Feusner J H, Behrens J A, Detter J C, Cullen T C
Am J Clin Pathol. 1979 Sep;72(3):410-4. doi: 10.1093/ajcp/72.3.410.
Samples of venous and capillary blood were collected simultaneously from healthy adults to assess the accuracy of platelet counts in capillary blood as determined by an automated particle counter. The difference between the mean venous blood platelet count (248,300) and the mean capillary blood count (215,500) was highly significant (P less than .001). For 24% (7/29) of the subjects, the capillary blood platelet count underestimated the venous blood count by greater than or equal to 25%, with three subjects erroneously classified as thrombocytopenic. A heterogeneous group of thrombocytopenic patients showed a similar difference in mean platelet counts (venous blood: 72,500/microliter; capillary blood: 65,400/microliter; P = 0.01). In most clinical situations, capillary blood platelet counts were adequate for patient evaluation; however, when an accurate platelet count is necessary, venous blood should be used.

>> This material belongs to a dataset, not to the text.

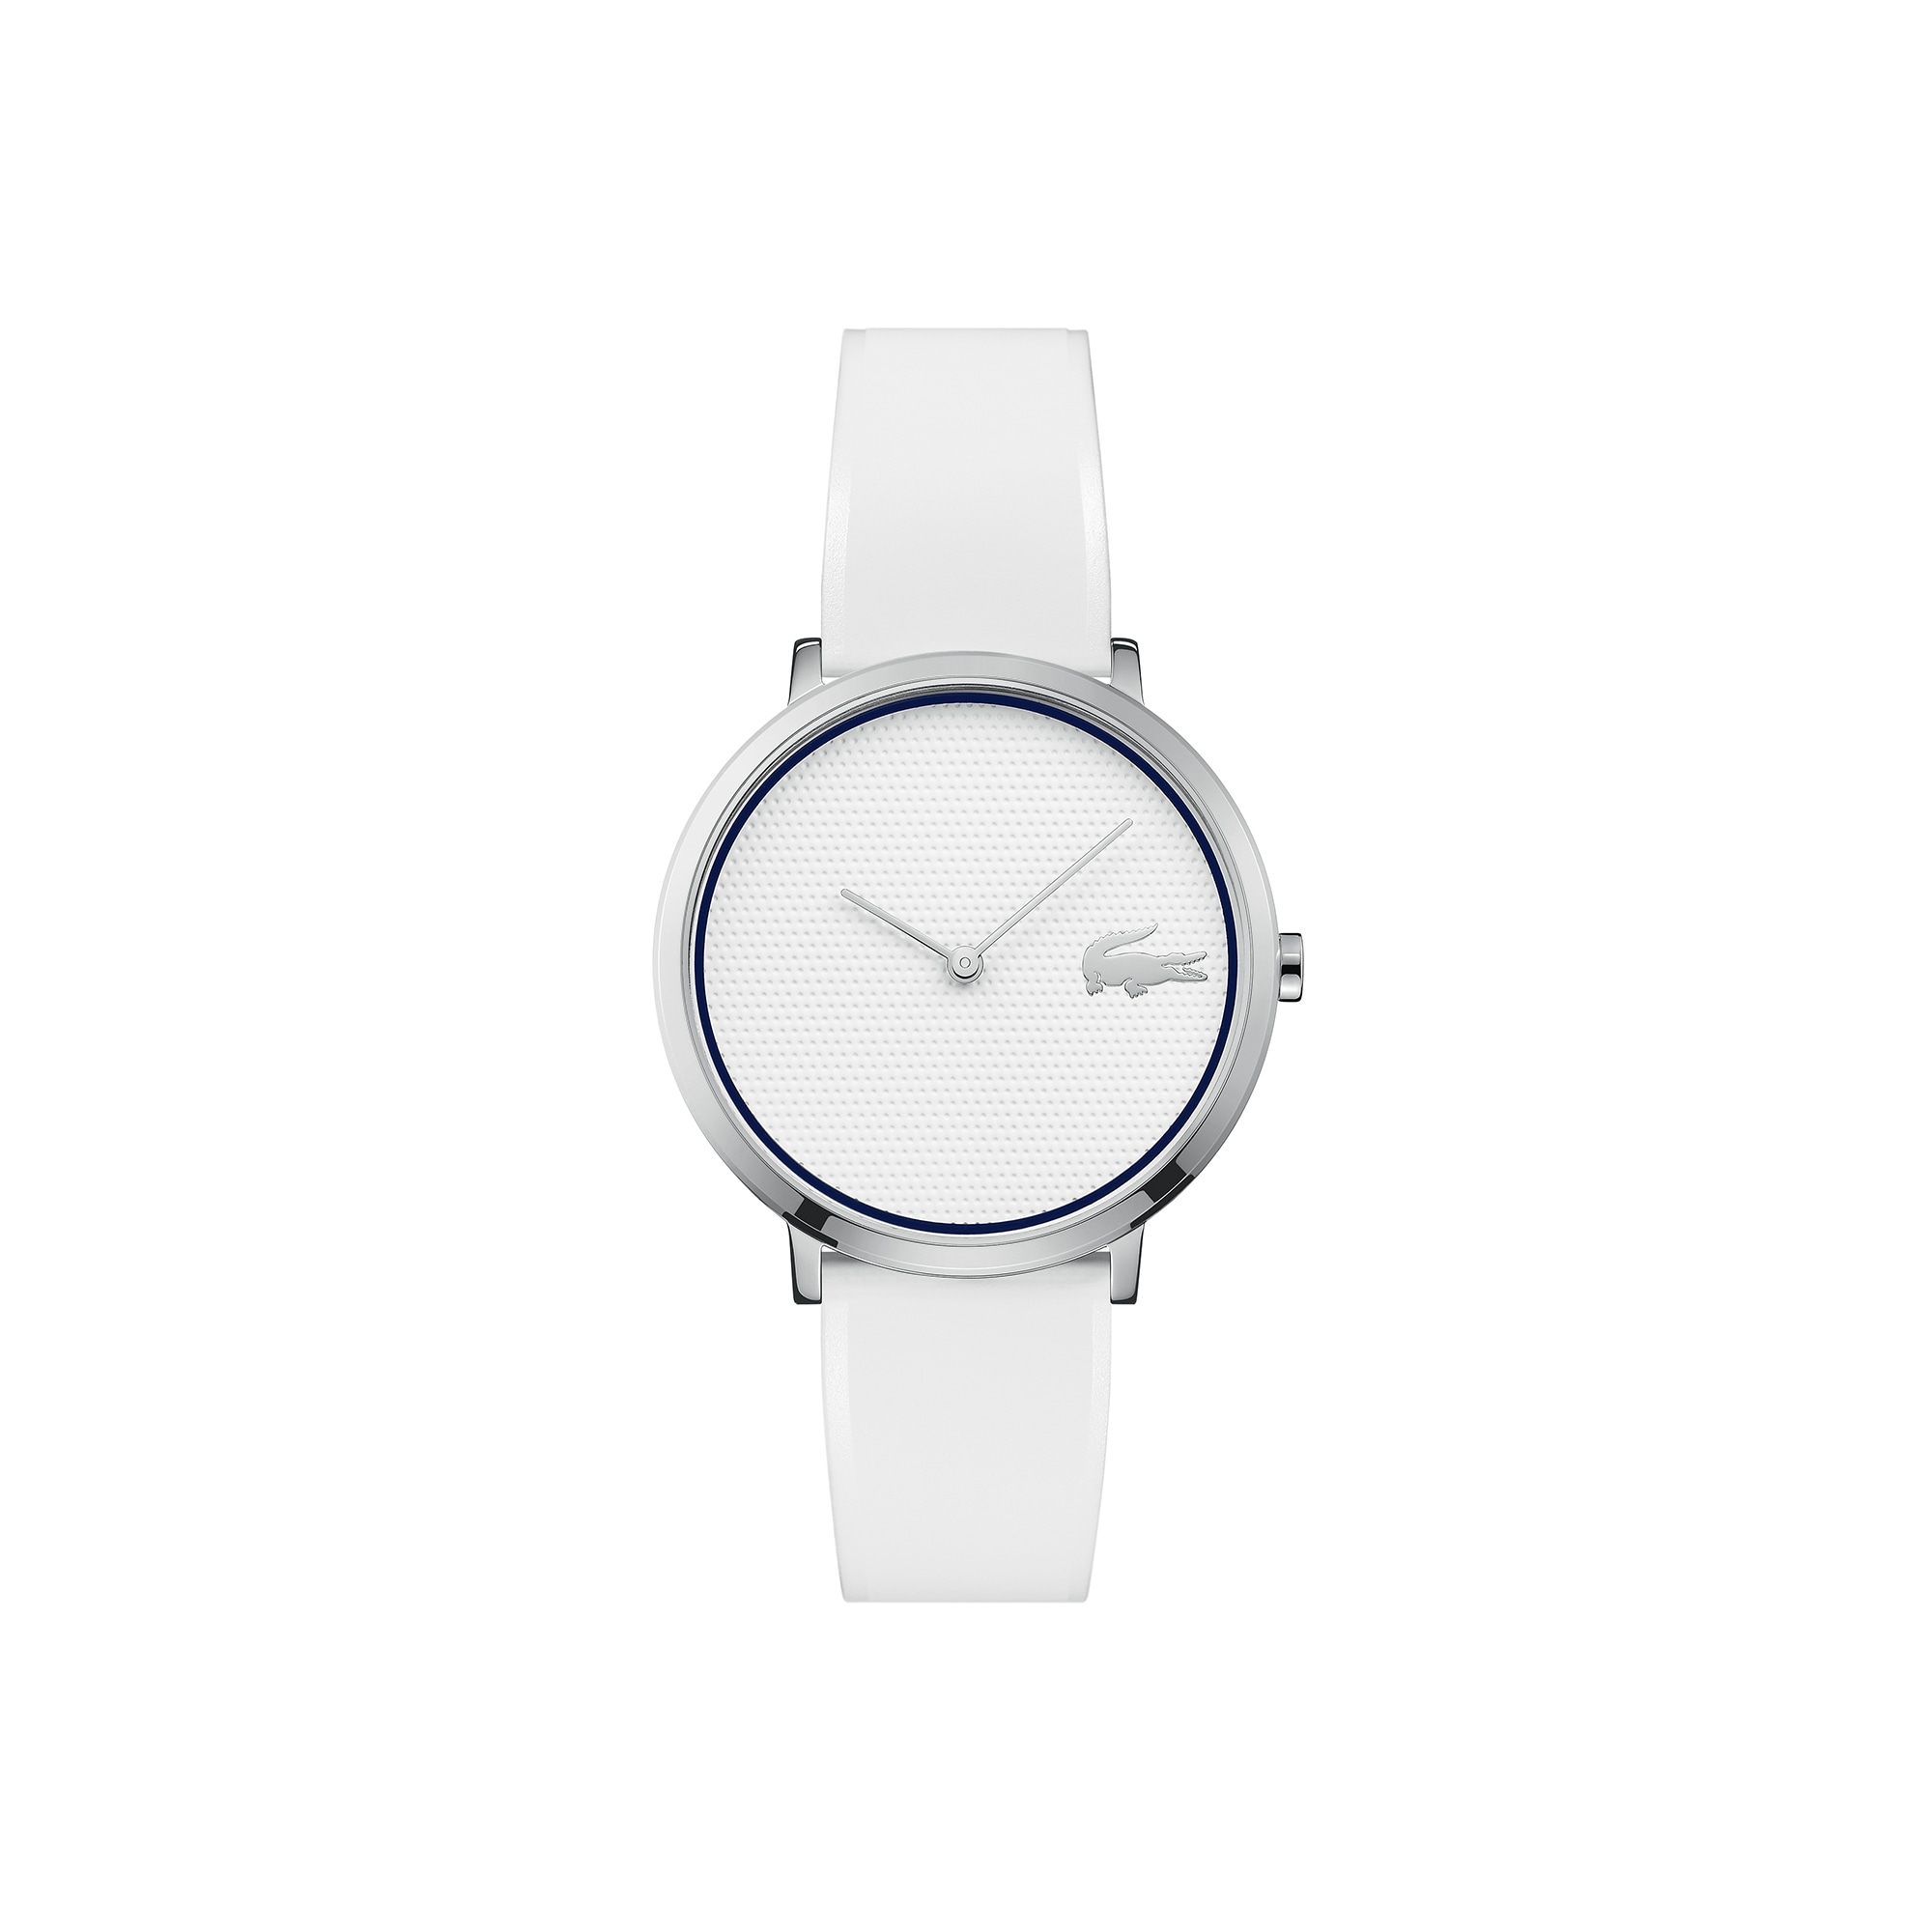 Reloj de Mujer Moon Golf Ultrafino con Correa de Silicona Blanca

从健康成年人中同时采集静脉血和毛细血管血样本,以评估自动颗粒计数器测定的毛细血管血中血小板计数的准确性。静脉血血小板平均计数(248,300)与毛细血管血平均计数(215,500)之间的差异非常显著(P小于0.001)。对于24%(7/29)的受试者,毛细血管血血小板计数低估静脉血计数大于或等于25%,有三名受试者被错误分类为血小板减少症。一组异质性血小板减少症患者的平均血小板计数也有类似差异(静脉血:72,500/微升;毛细血管血:65,400/微升;P = 0.01)。在大多数临床情况下,毛细血管血血小板计数足以用于患者评估;然而,当需要准确的血小板计数时,应使用静脉血。